Said agreement not only provided for the separation of the parties, but for the support of the plaintiff and the support and education of their child whose custody was given to the plaintiff. It is evident from paragraph "SECOND: (B)" thereof that the parties contemplated a divorce for it is there provided, in pertinent part: "(B) If the parties hereto shall hereafter be divorced and that thereafter the Wife shall remarry, then the obligation of the Husband for the support and maintenance to the Wife shall cease and terminate without, however, affecting his obligations for the support and maintenance and education of their child until said child is twenty-one (21) years of age." In paragraph "FIFTH" of the agreement, moreover, the parties provided that it "shall not be a bar to any action for divorce that either party may at any future time instigate against the other in any court of competent jurisdiction" and that, in such event, the agreement and all its terms shall survive such divorce decree and remain in full force and effect. Further provision was made that any judgment or decree of divorce shall not contain any provisions different from those contained in the agreement nor shall any of the provisions of the agreement be terminated "except as to separation rights."
It appears that subsequently to the execution of the foregoing agreement the plaintiff herein commenced an action for divorce against the defendant in the Third Civil Court of the District of Bravos, State of Chihuahua, Republic of Mexico. The resulting decree of divorce in favor of the plaintiff recites the fact that she was personally present within the jurisdiction of the divorce granting court and that the defendant herein (the defendant in the divorce action) appeared by a duly authorized attorney and submitted himself to the jurisdiction of the Mexican court. The separation agreement, dated February 5, 1962, referred to above, was expressly "approved in all its terms and provisions * * * [and] incorporated in the decree by reference, but shall survive the same."
Nevertheless, the plaintiff pressed her action for separation pending in this court and, on September 17, 1962, an inquest was held at which both a certified copy of the Mexican decree dated April 2, 1962, and the agreement of separation therein incorporated, dated February 5, 1962, were introduced in evidence by the plaintiff.
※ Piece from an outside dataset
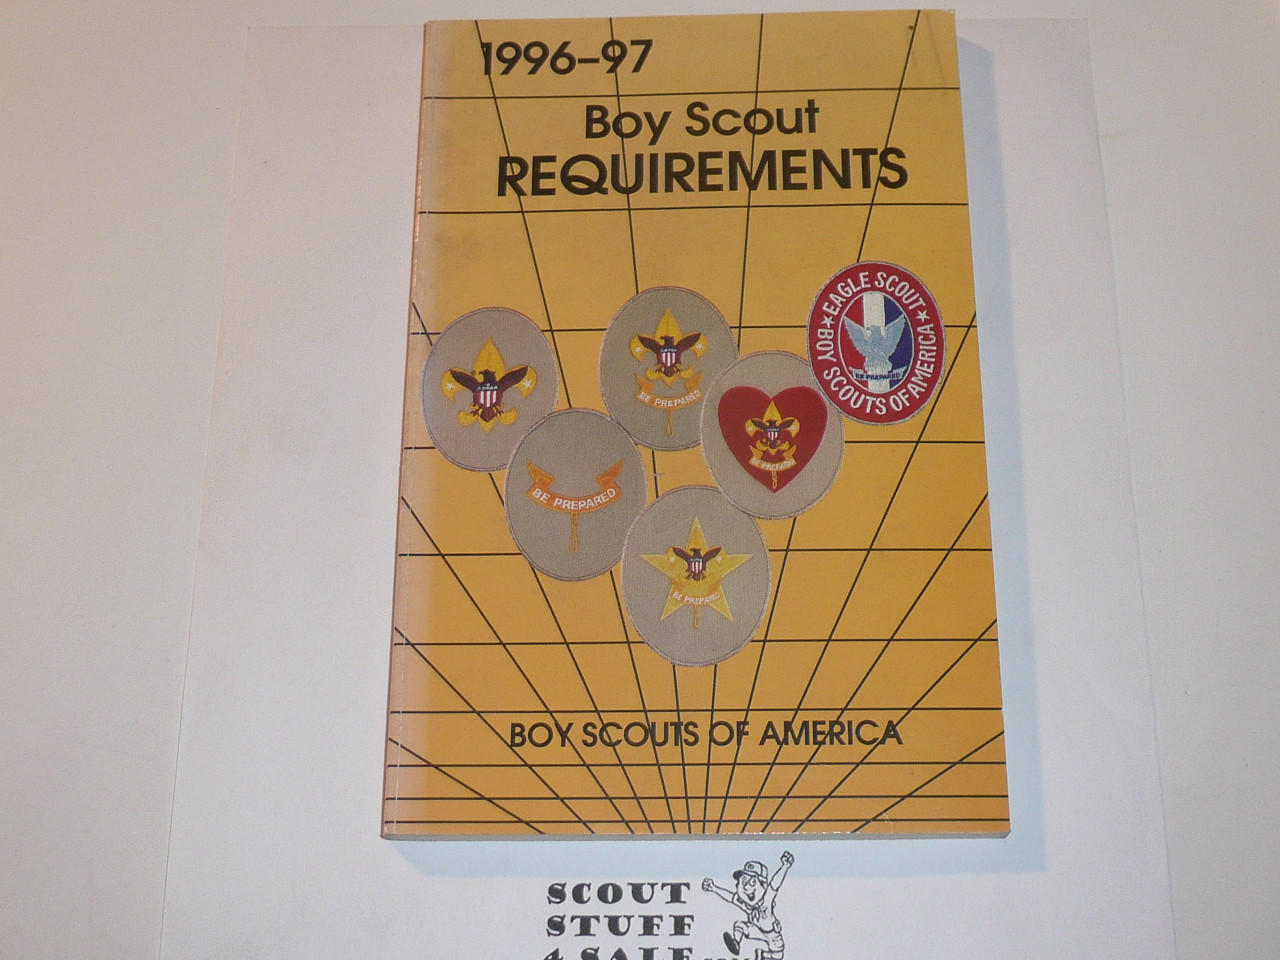 1996-1997 Boy Scout Requirements Book, 9-96 Printing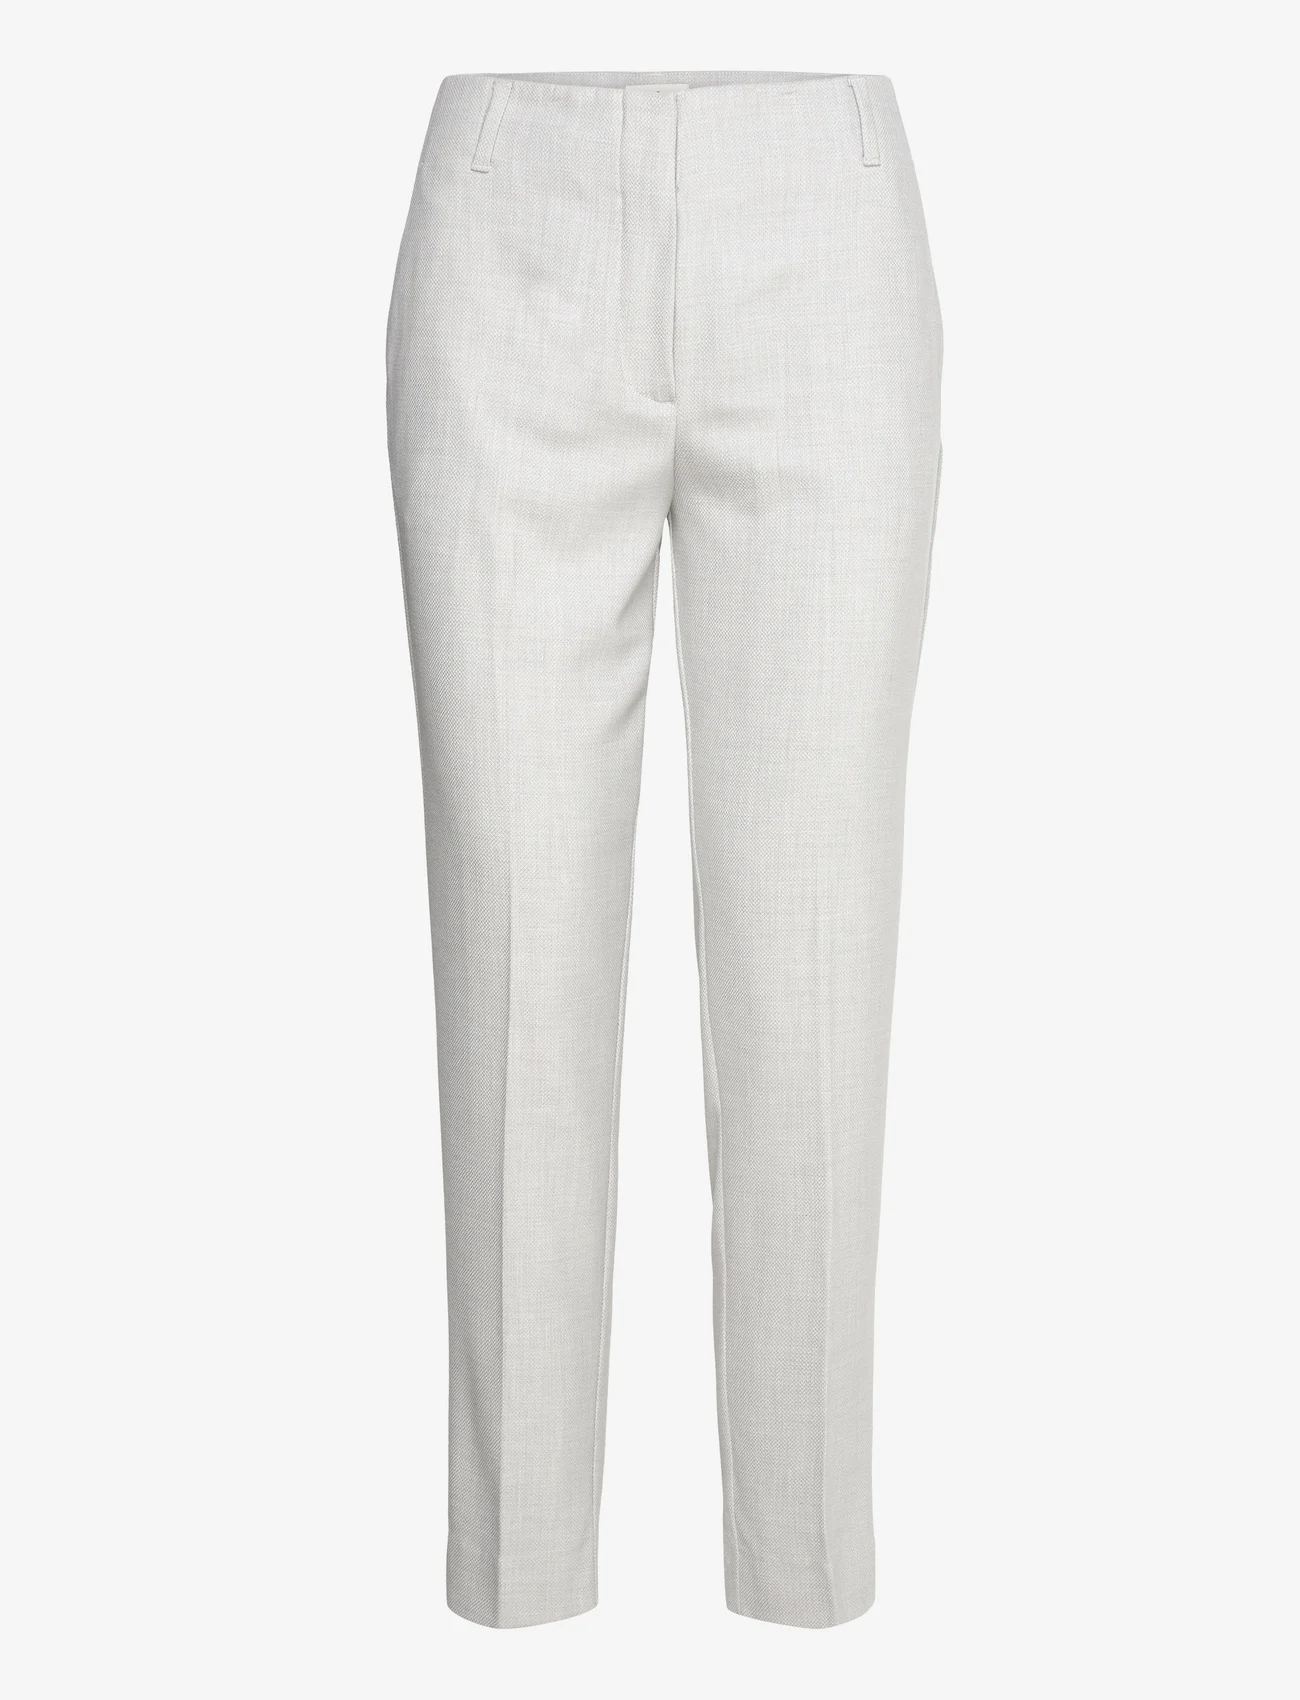 FIVEUNITS - JuliaFV - tailored trousers - oyster melange - 0

No decree of separation may be entered under the facts and circumstances present here. In the first place, the execution of a separation agreement during the pendency of an action for separation brings such action to an end notwithstanding that no formal order of discontinuance was entered. ( Tobin v. Tobin, 13 Misc.2d 714.) In the second place, the parties have already been duly divorced by a court having jurisdiction of the subject matter and of the person of both parties. A Mexican decree of divorce is recognized in this State as a matter of comity upon proof, as here, that one spouse appeared personally in the Mexican court and the other by a duly authorized attorney. ( Laff v. Laff, 5 Misc.2d 554, affd. 4 A.D.2d 874; Caswell v. Caswell, 111 N.Y.S.2d 875, affd. 280 App. Div. 969.)
It follows that the plaintiff's complaint for a separation must be and is dismissed.